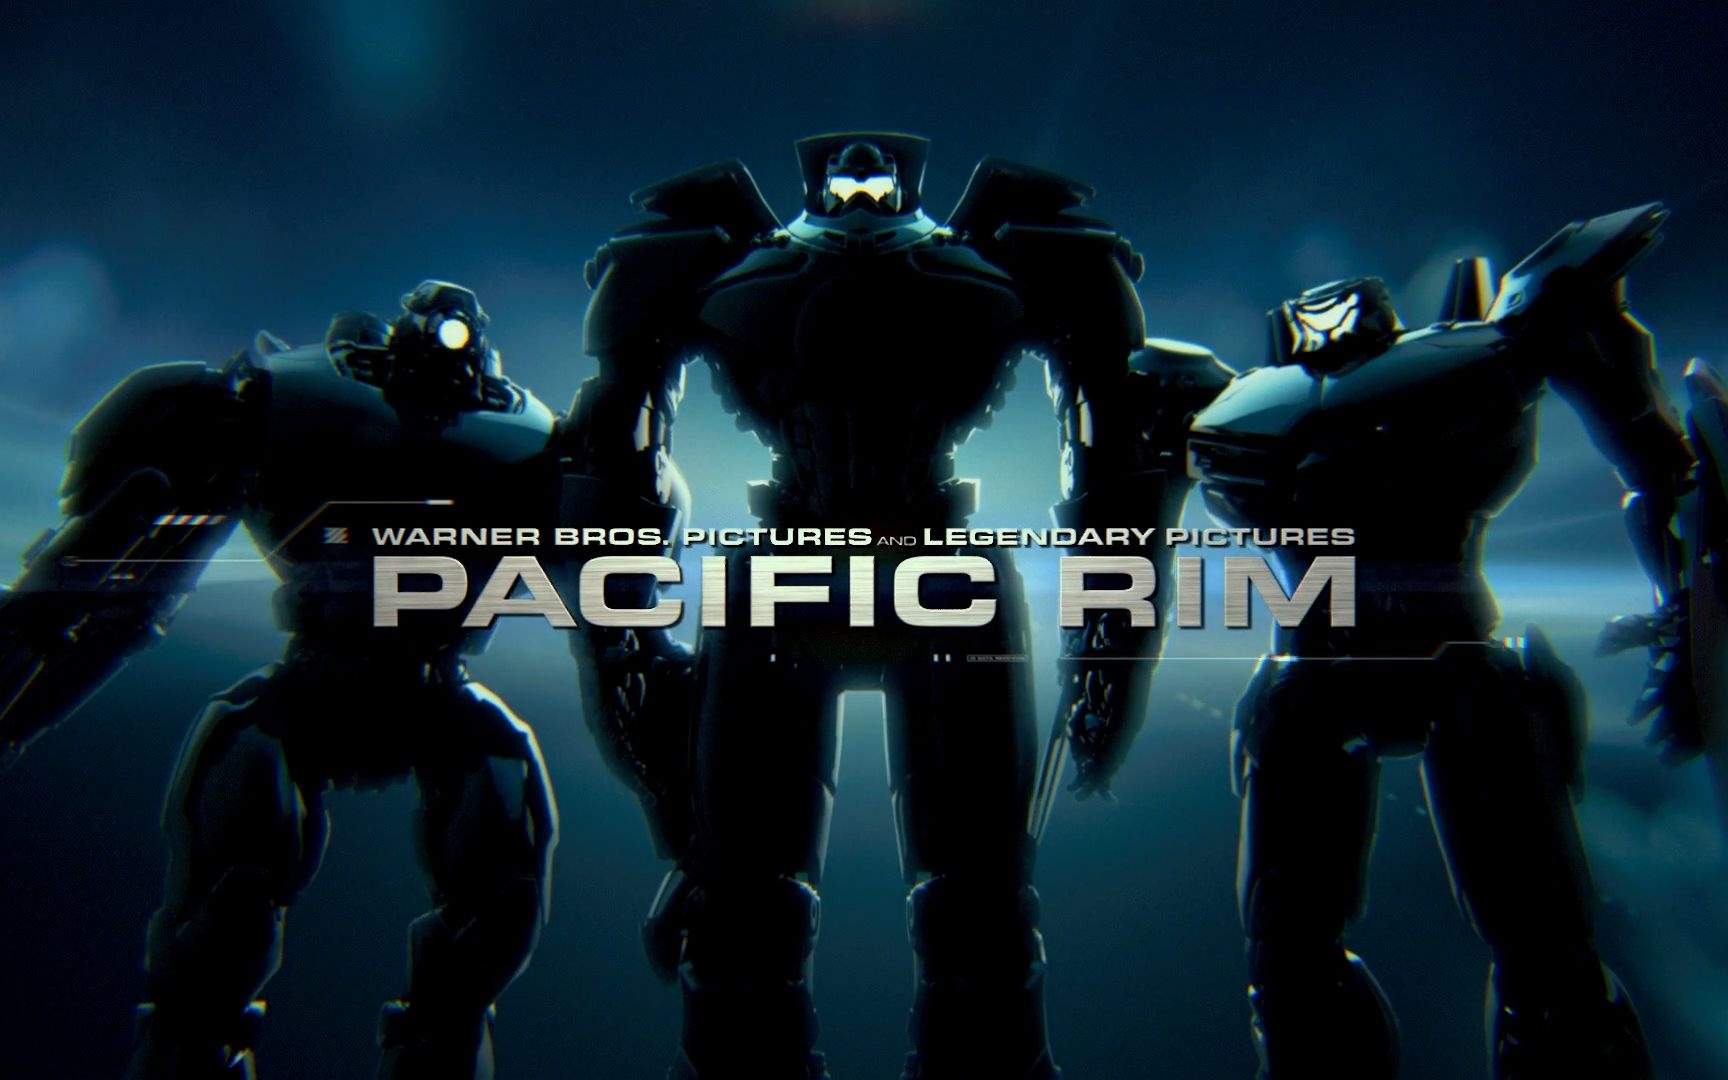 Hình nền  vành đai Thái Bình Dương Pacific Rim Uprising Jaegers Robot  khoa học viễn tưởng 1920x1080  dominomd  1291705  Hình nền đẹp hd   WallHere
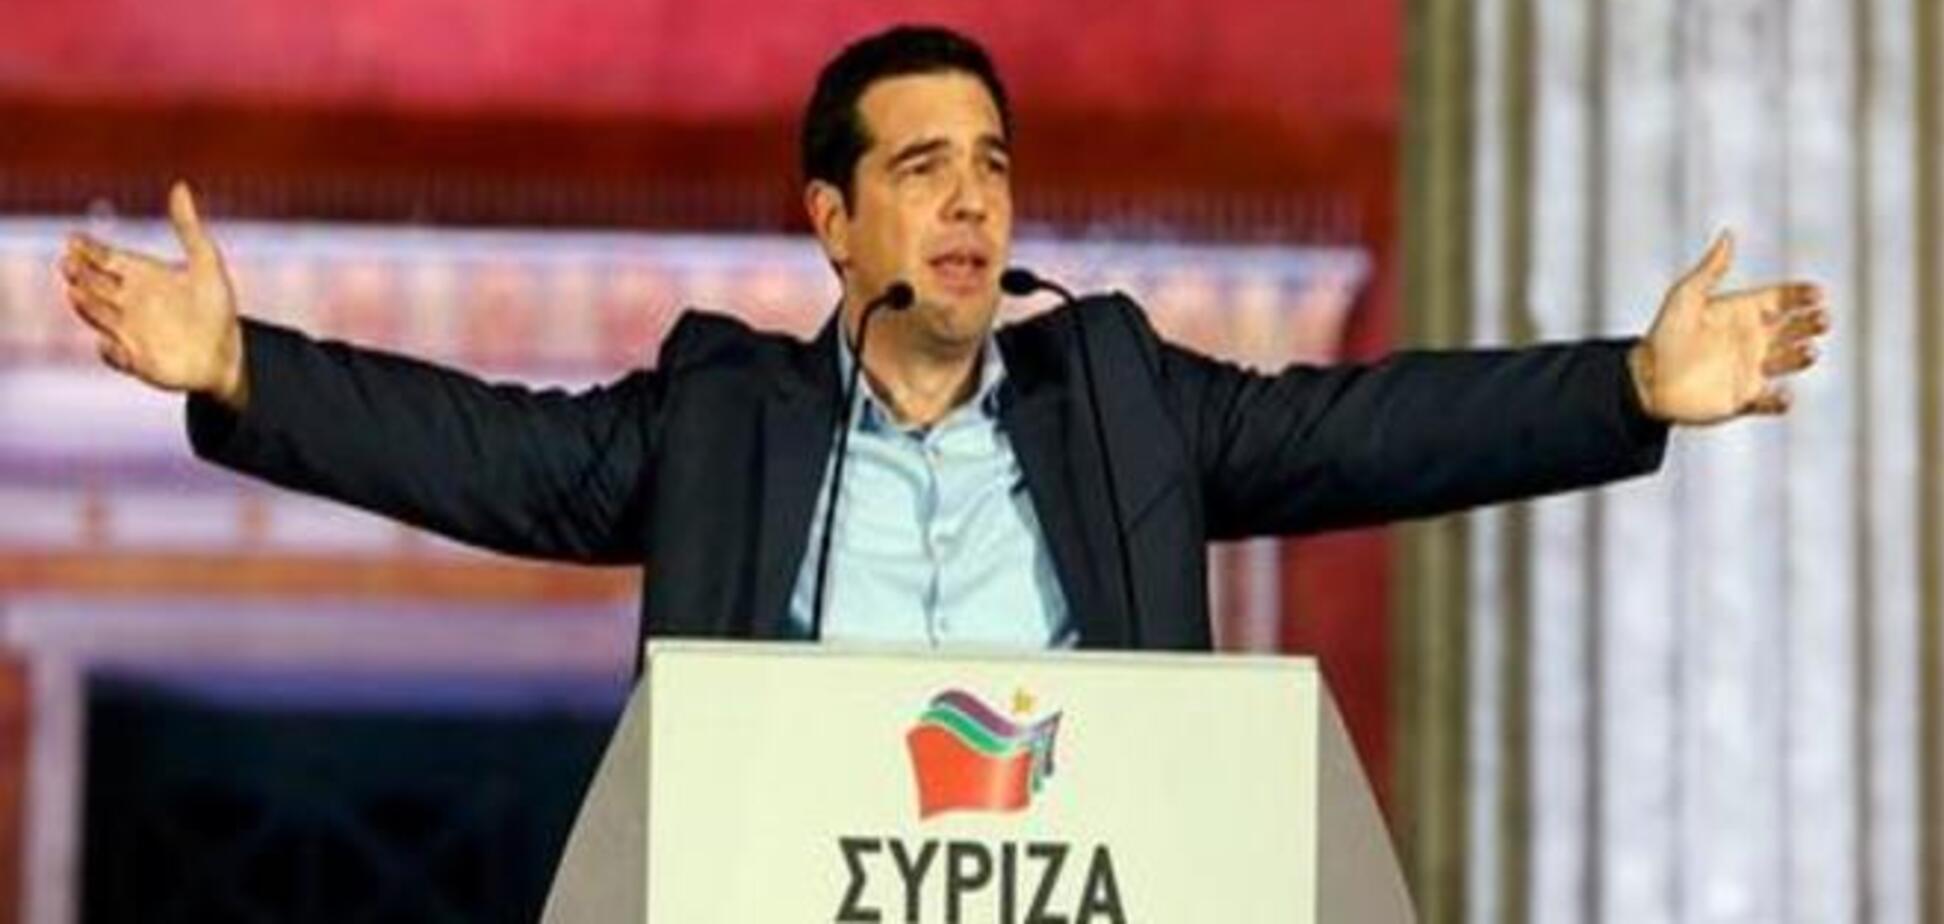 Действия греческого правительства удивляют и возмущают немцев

○ ○ ○

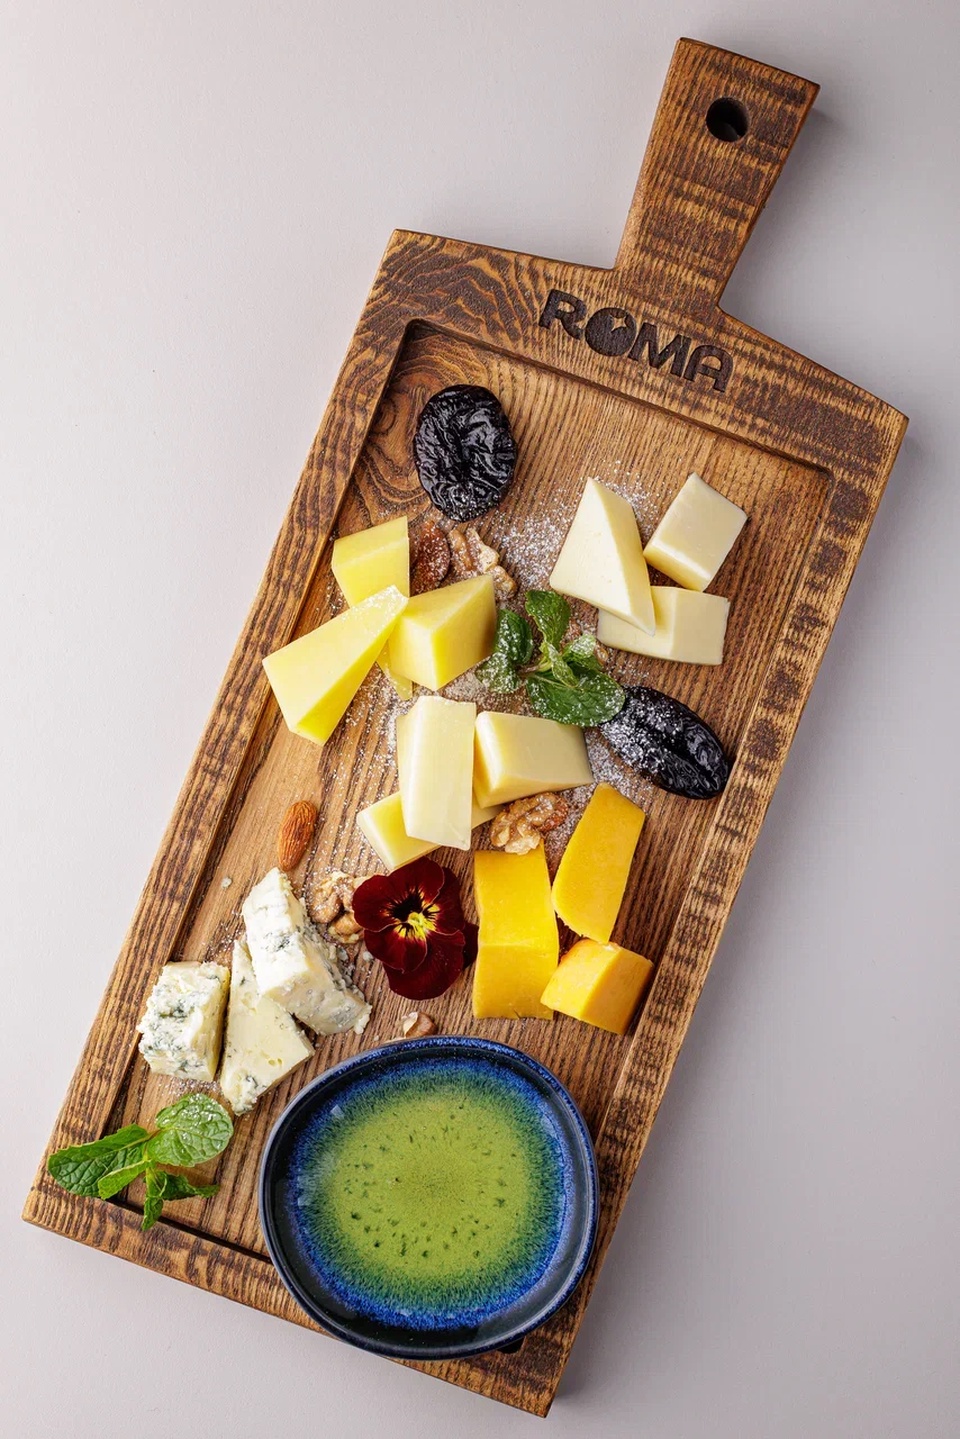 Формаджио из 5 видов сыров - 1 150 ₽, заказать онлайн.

○ ○ ○

* [TASK STATEMENT]:
Your reply is to be an exact repeat of the listing above from the line holding "vành đai Thái" down to the line holding "Действия греческого правительства", ends included, pictures excluded.

* [EXERCISE ANSWER]:
 Hình nền  vành đai Thái Bình Dương Pacific Rim Uprising Jaegers Robot  khoa học viễn tưởng 1920x1080  dominomd  1291705  Hình nền đẹp hd   WallHere
 Действия греческого правительства удивляют и возмущают немцев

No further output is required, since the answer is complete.